During the nine months ended September 30, 2022 and 2021, the Company completed several acquisitions to strengthen its current market share in existing markets or to expand into new markets. Each of the Company’s acquisitions was accounted for using the acquisition method pursuant to the requirements of FASB ASC Topic 805, Business Combinations, and are included in the Company’s consolidated financial statements since the respective acquisition date. The goodwill generated from these acquisitions is attributable to expected growth and cost synergies and the expected contribution of each acquisition to the Company’s overall strategy. The goodwill recorded during the nine months ended September 30, 2022 is not expected to be deductible for tax purposes. The estimated fair values of the net assets of acquired businesses as described below are subject to change resulting from such items as final analysis of valuations and working capital adjustments post-acquisition. As a result, the acquisition accounting for certain acquired businesses could change in subsequent periods resulting in adjustments to goodwill once finalized. Also, see subsection, “Pro forma information” of this Note 3 for pro forma information on net revenue and operating income.

Nine Months Ended September 30, 2022

During the nine months ended September 30, 2022, the Company acquired 100% of the equity interests of two providers of HME and acquired certain assets of the home medical equipment businesses of five providers of HME.

The following table summarizes the consideration paid at closing for all acquisitions during the nine months ended September 30, 2022 (in thousands):

Cash

$

16,477

Deferred payments

 

422

Total

$

16,899

The Company allocated the consideration paid to the net assets acquired based on their estimated acquisition date fair values. The Company is still evaluating the fair value of certain assets and liabilities for which provisional amounts were recorded and expects to finalize such valuations during the remainder of 2022. Based upon management’s evaluation, which is preliminary and subject to completion of working capital and other adjustments, the consideration paid for all acquisitions during 2022 was allocated as follows (in thousands):

Cash

$

155

Accounts receivable

 

2,206

Inventory

 

686

Prepaid and other current assets

16

Equipment and other fixed assets

 

4,502

Goodwill

 

11,788

Identifiable intangible assets

500

Accounts payable and accrued expenses

 

(2,820)

Contract liabilities

(134)

Net assets acquired

$

16,899

During the nine months ended September 30, 2022, the Company received net cash of $0.2 million relating to working capital and other adjustments associated with businesses that were acquired during 2021, which was recorded as a decrease to goodwill during the period.

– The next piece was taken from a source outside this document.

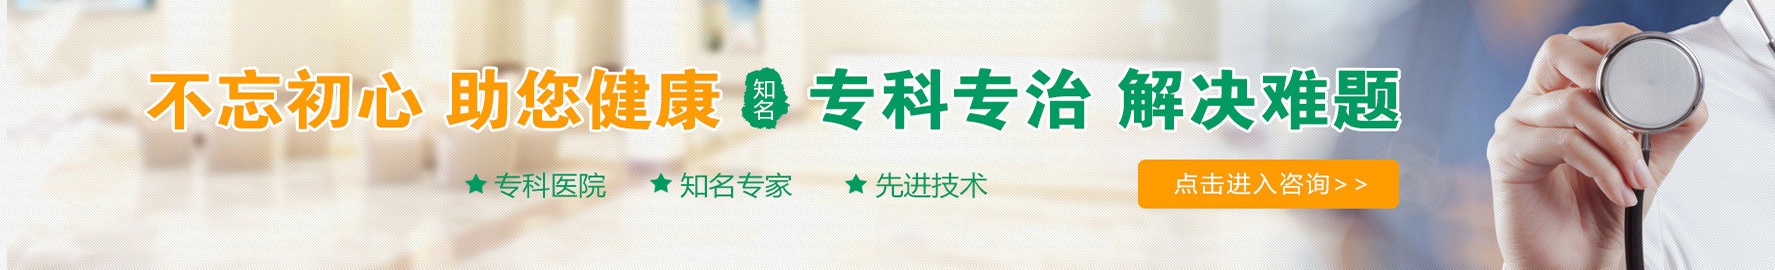 广州男科专科医院

Nine Months Ended September 30, 2021

On February 1, 2021, the Company acquired 100% of the equity interests of AeroCare Holdings, Inc. (AeroCare). AeroCare is a leading national technology-enabled respiratory and home medical equipment distribution platform in the United States and offers a comprehensive suite of direct-to-patient equipment and services including CPAP and BiPAP machines, oxygen concentrators, home ventilators, and other home medical equipment products. The total consideration paid consisted of (i) cash payments of $1.2 billion, (ii) the issuance of 13,992,615 shares of the Company’s Class A Common Stock, (iii) the issuance of 130,474.73 shares of the Company’s Series C Convertible Preferred Stock, and (iv) the issuance of 3,959,892 fully vested options to purchase shares of the Company’s Class A Common Stock in the future, which had a weighted-average exercise price of $6.24 per share and a weighted-average remaining exercise period of approximately 7 years from the date of closing. Refer to Note 10, Stockholders’ Equity, for additional discussion of the Series C Convertible Preferred Stock issued in connection with the acquisition of AeroCare.

On April 30, 2021, the Company acquired 100% of the equity interests of Spiro Health Services, LLC (Spiro). Spiro is a provider of home medical equipment and supplies. The total consideration paid at closing consisted of a cash payment of $66.1 million, the issuance of 244,641 shares of the Company’s Class A Common Stock, and a potential contingent consideration payment of up to $1.0 million, which was determined to be the fair value at the acquisition date and such amount was recorded as a contingent consideration liability in connection with the Company’s acquisition accounting.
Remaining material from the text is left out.